Dans Berezina, Sylvain Tesson l'écrivain casse-cou nous emmène dans un road-trip en side-car de Moscou à Paris, deux cents ans après la retraite de Russie. Un récit fait de neige, de gomme et de vodka sur les traces de l'Histoire.
4 000 km d'aventures sur trois roues
J'ai découvert Sylvain Tesson en 2010 avec son récit Dans les forêts de Sibérie, qui l'avait poussé à vivre six mois d'ermitage dans une cabane au bord du lac Baïkal. Un livre plein de beauté et d'intelligence que j'avais adoré. Deux ans plus tard, l'écrivain voyageur renouait avec son amour pour la Russie et entreprenait, avec quatre amis français et russes, un périple en side-car Oural (des machines soviétiques authentiques) sur l'itinéraire emprunté par la Grande Armée de Napoléon mise en défaite par les Russes. Berezina est le récit de ce voyage de ces treize jours à travers la Russie, la Biélorussie, la Lituanie, la Pologne, l'Allemagne, le Luxembourg et la France.
J'avais été totalement séduite par le calme éternel, propice à l'introspection, de Dans les forêts de Sibérie. Dans Berezina, c'est l'inverse : tout est vacarme, rugissement des machines, soirées vodka et mains dans le cambouis. Cette fois, Sylvain Tesson n'est plus seul. D'un côté, il nous décrit son voyage, pannes de side-car comprises, et se laisse aller à de belles digressions sur l'épreuve que la retraite de Russie a dû représenter pour les soldats français, et ce qui les a poussés à suivre leur chef, même dans la défaite. De l'autre, il nous rapporte ses conversations enflammées, parfois houleuses et imbibées, avec ses quatre acolytes, à grand renfort de citations de Caulaincourt, le Grand Ecuyer de Napoléon. Le récit oscille entre le calme de la route, moment de la réflexion, et le raffut des soirées arrosées. La petite équipe vit son voyage à fond les manettes dans un joyeux désordre.

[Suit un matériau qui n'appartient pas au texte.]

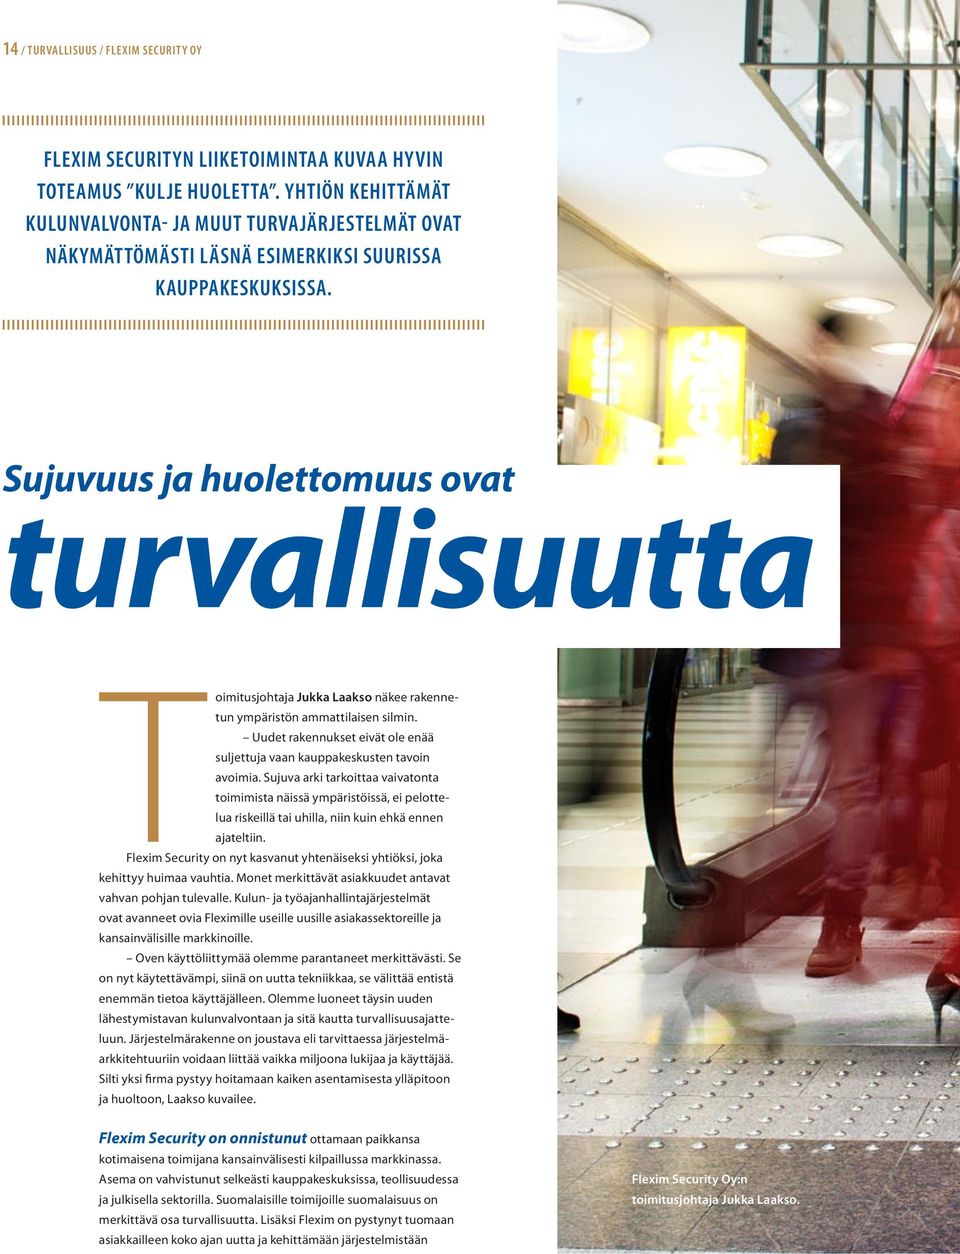 Sujuvuus ja huolettomuus ovat turvallisuutta Toimitusjohtaja Jukka Laakso näkee rakennetun ympäristön ammattilaisen silmin.

J'ai particulièrement aimé la plume impertinente et pleine d'humour de Sylvain Tesson, et son talent à saisir la poésie et la portée existentielle de chaque expérience vécue. C'est ce que j'aime le plus chez cet écrivain : chaque voyage est le lieu d'une intense réflexion philosophique et existentielle qu'il partage avec son lecteur.
Même si j'ai été moins charmée que ce à quoi je m'attendais, Berezina est un récit de voyage inattendu et plein de vie : on reconnaît bien là la marque de fabrique de Sylvain Tesson.